After performing a trick above the rim of a skateboard ramp, a 56 kg skateboarder lands on the ramp 3.5 m above ground level with a downward velocity of 4.0 m/s.
Ep = 0.0 J Ground level. Friction in the wheels of the skateboard and air resistance cause a loss of 9.0 × 10^2 J of mechanical energy. The skateboarder’s speed at the bottom of the ramp will be_____m/s.?
potential energy = m g h = 56*9.81 * 3.5
kinetic energy = (1/2) m v^2 = 28*16
sum to get total energy at top
kinetic energy at bottom = (1/2)m v^2
= total energy at top - 900
To find the skateboarder's speed at the bottom of the ramp, we need to use the principle of conservation of mechanical energy. The total mechanical energy, E, of the skateboarder is the sum of his potential energy, Ep, and his kinetic energy, Ek, at any given point.
E = Ep + Ek
At the top of the ramp, the skateboarder has only potential energy since he is not moving horizontally.
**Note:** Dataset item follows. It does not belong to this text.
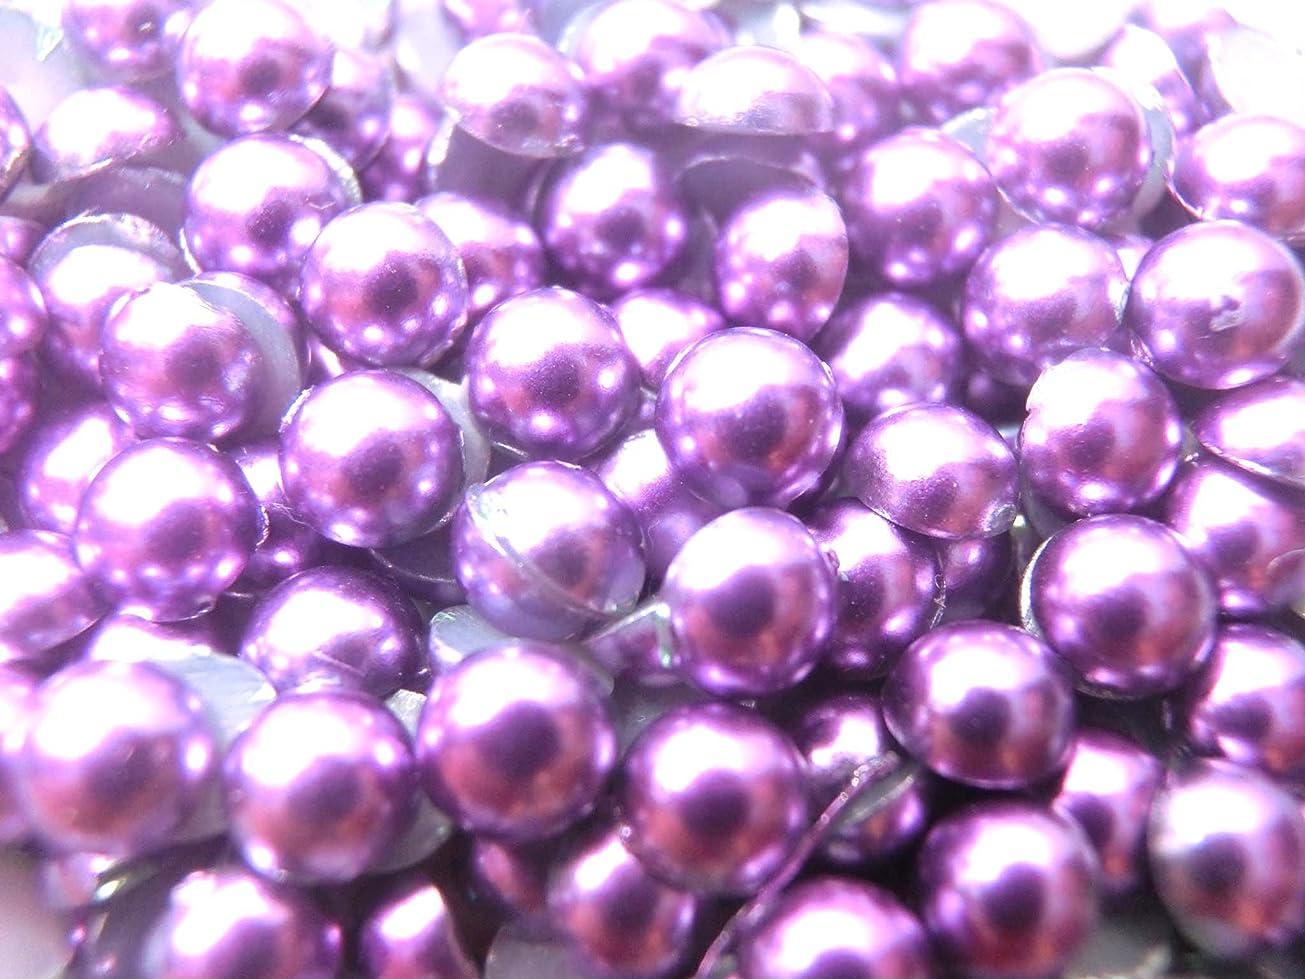 ジョグ証明する【ラインストーン77】 超高級 パールストーン 各サイズ選択可能 2mm~8mm 紫 (3mm (約300粒))

The potential energy can be calculated using the formula:
Ep = m * g * h
where m is the mass of the skateboarder, g is the acceleration due to gravity (approximately 9.8 m/s^2), and h is the height above the ground.
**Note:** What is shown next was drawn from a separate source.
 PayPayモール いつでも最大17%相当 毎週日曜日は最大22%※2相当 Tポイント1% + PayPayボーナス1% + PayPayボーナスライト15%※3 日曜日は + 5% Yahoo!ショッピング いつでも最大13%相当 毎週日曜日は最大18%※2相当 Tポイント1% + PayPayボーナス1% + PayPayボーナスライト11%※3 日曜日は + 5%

Ep = 56 kg * 9.8 m/s^2 * 3.5 m
Ep = 1916.8 J
Since there is a loss of 900 J of mechanical energy due to friction and air resistance, we can calculate the final kinetic energy, Ek, at the bottom of the ramp by subtracting the loss from the initial mechanical energy:
Ek = E - loss
Ek = 1916.8 J - 900 J
Ek = 1016.8 J
The kinetic energy can also be expressed as:
Ek = 1/2 * m * v^2
where m is the mass of the skateboarder and v is his velocity.
To find the skateboarder's speed, we can rearrange the equation:
v = √(2 * Ek / m)
v = √(2 * 1016.8 J / 56 kg)
v ≈ √(36.3 m^2/s^2)
v ≈ 6.0 m/s
Therefore, the skateboarder's speed at the bottom of the ramp will be approximately 6.0 m/s.